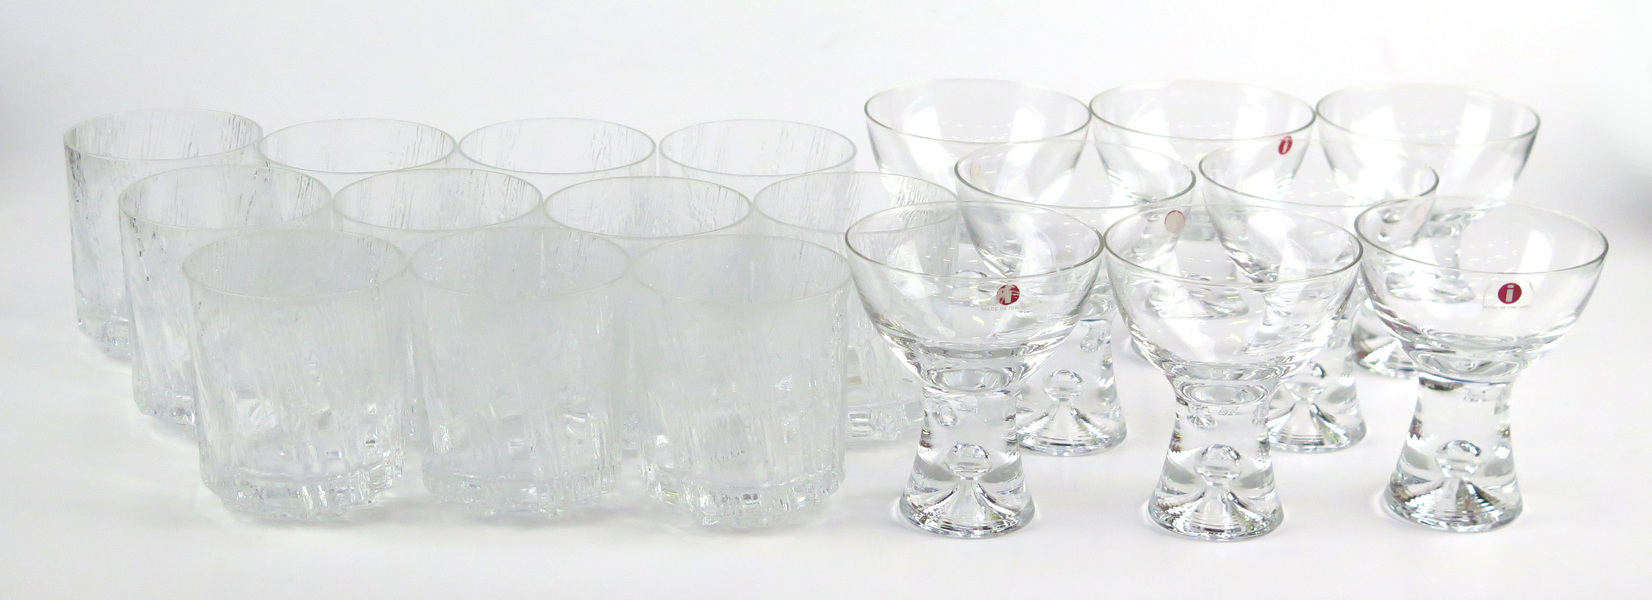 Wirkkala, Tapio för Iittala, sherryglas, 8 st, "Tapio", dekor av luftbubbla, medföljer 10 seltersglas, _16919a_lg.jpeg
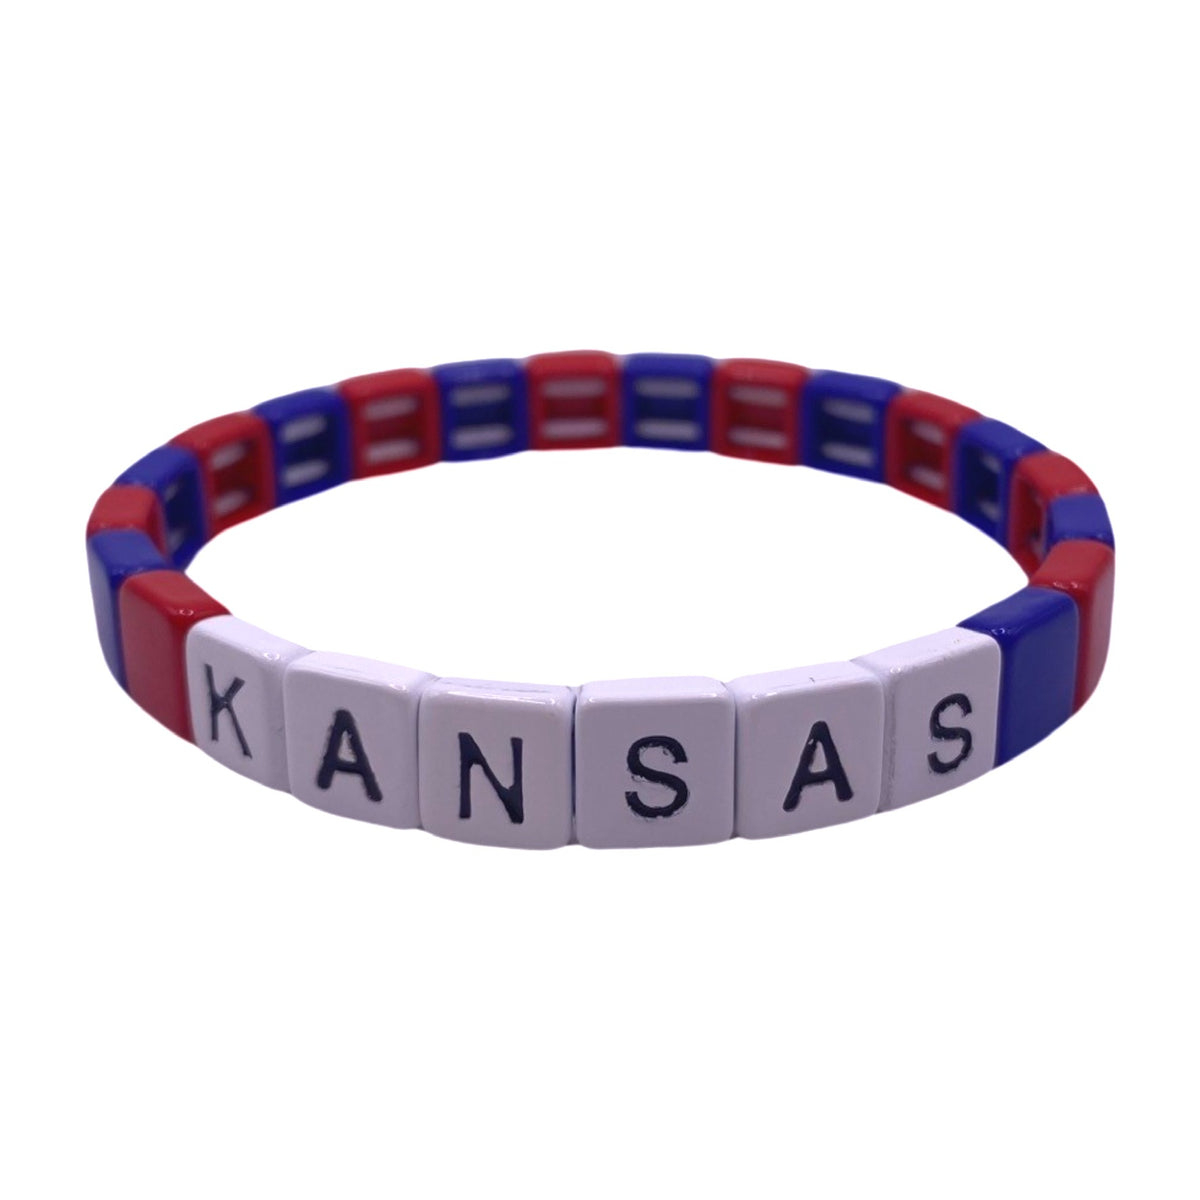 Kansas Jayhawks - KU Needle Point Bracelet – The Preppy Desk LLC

:::::

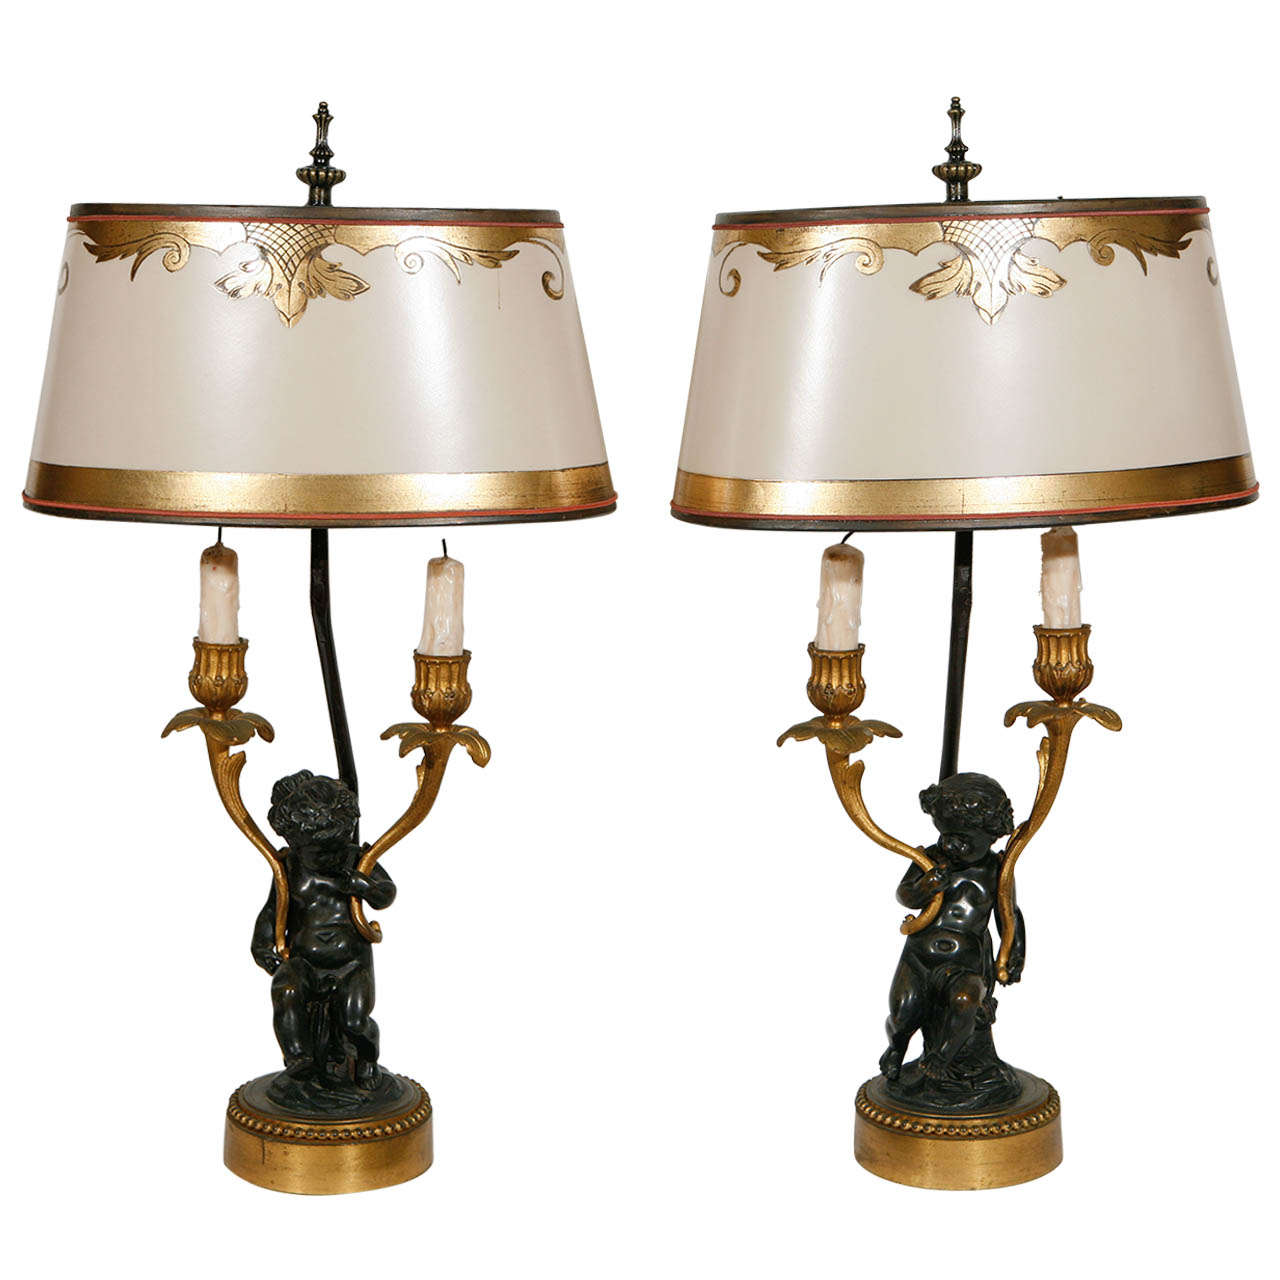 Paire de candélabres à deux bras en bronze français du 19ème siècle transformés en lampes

:::::

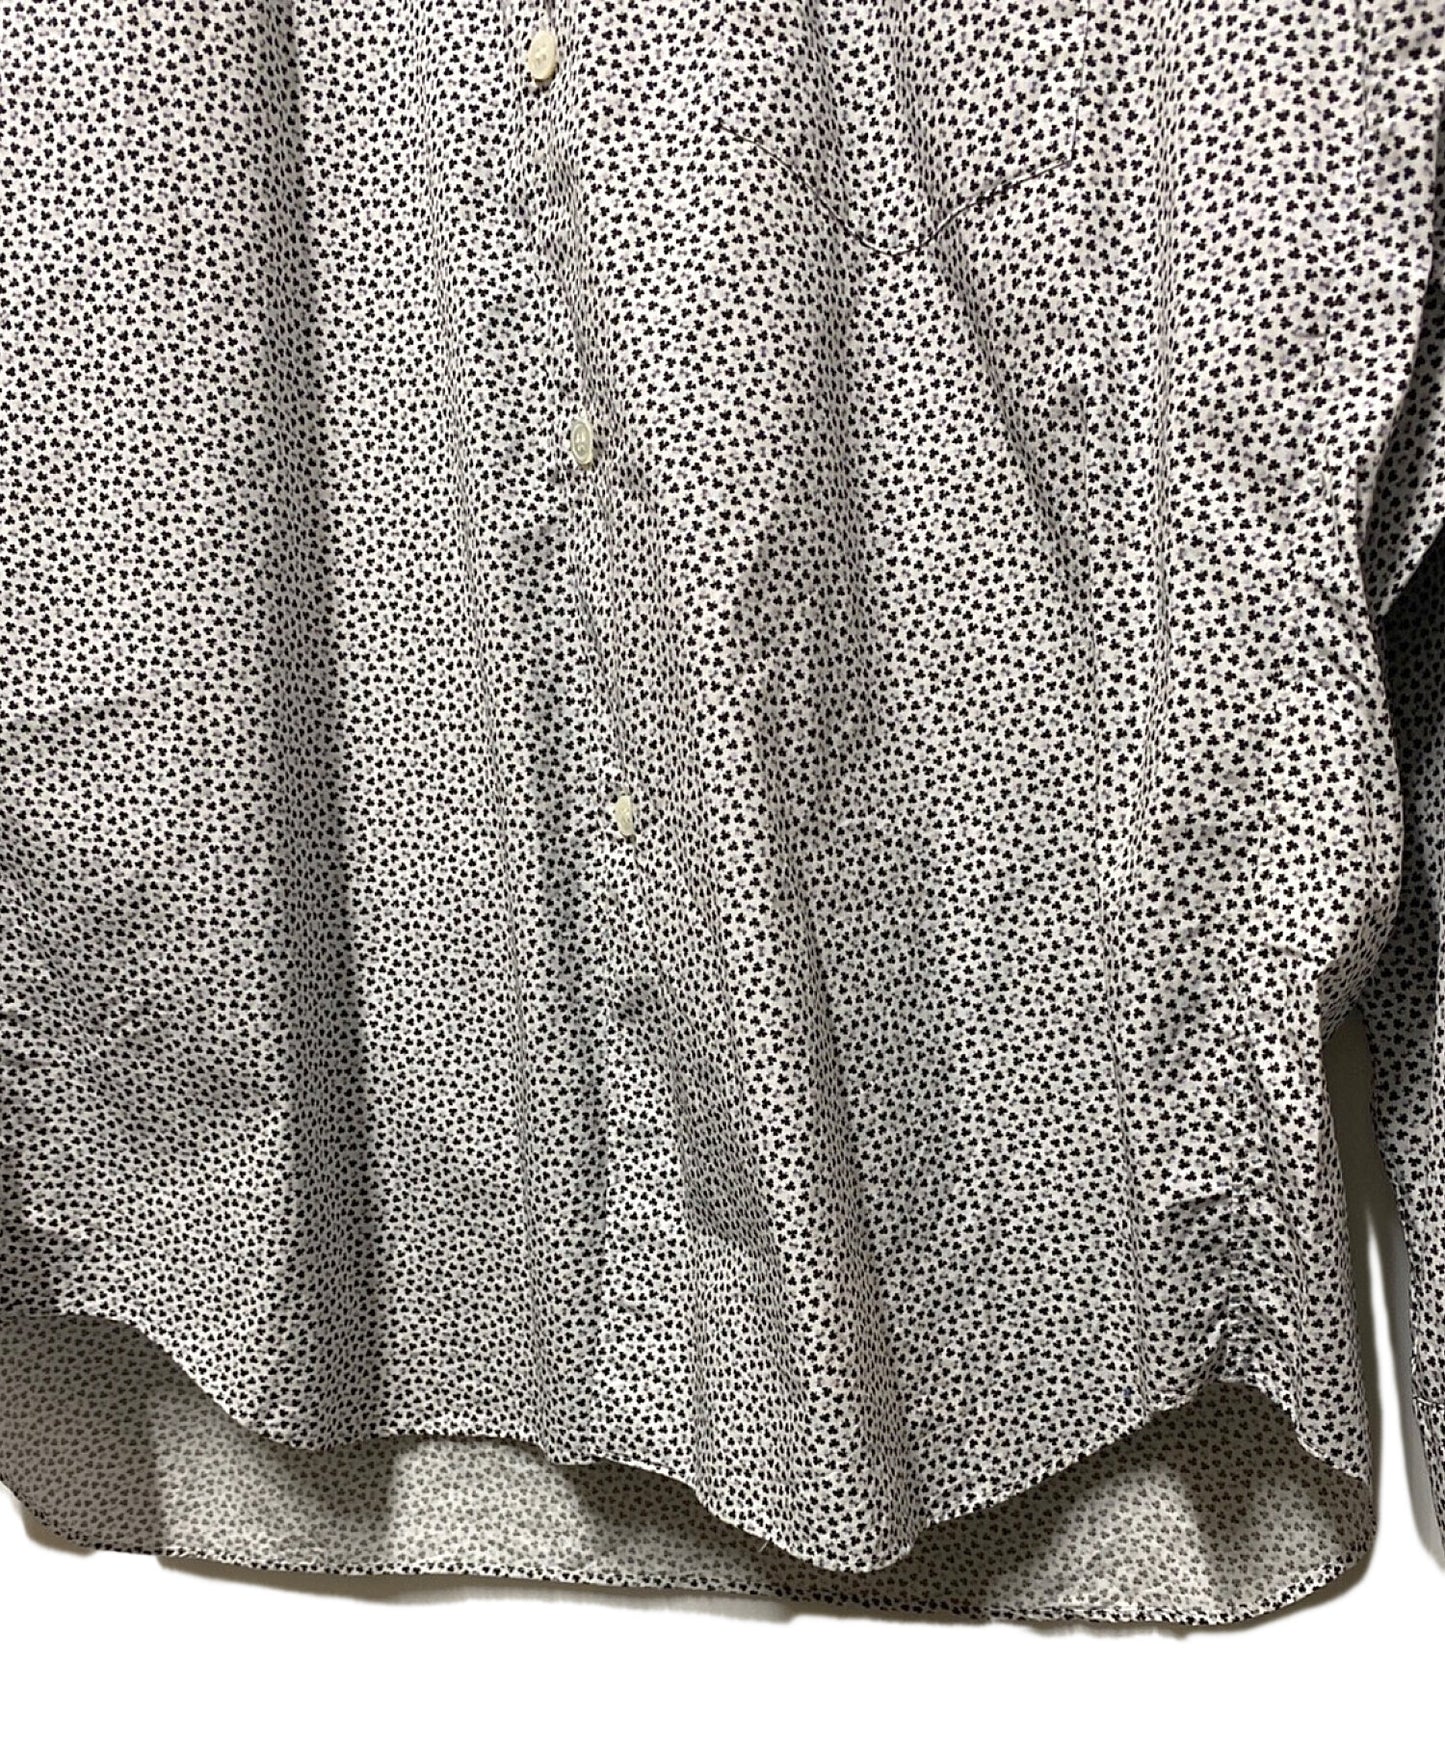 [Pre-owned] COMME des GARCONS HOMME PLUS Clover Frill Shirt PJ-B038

:::::

ASSIGNMENT → Leaving every picture aside, reproduce exactly the lines above from the one with "Wirkkala, Tapio för" up to and including the one with "Kansas Jayhawks - KU", and no others.

RESPONSE TO THE EXERCISE →
 Wirkkala, Tapio för Iittala, sherryglas, 8 st, "Tapio", dekor av luftbubbla, medföljer 10 seltersglas, _16919a_lg.jpeg
 Kansas Jayhawks - KU Needle Point Bracelet – The Preppy Desk LLC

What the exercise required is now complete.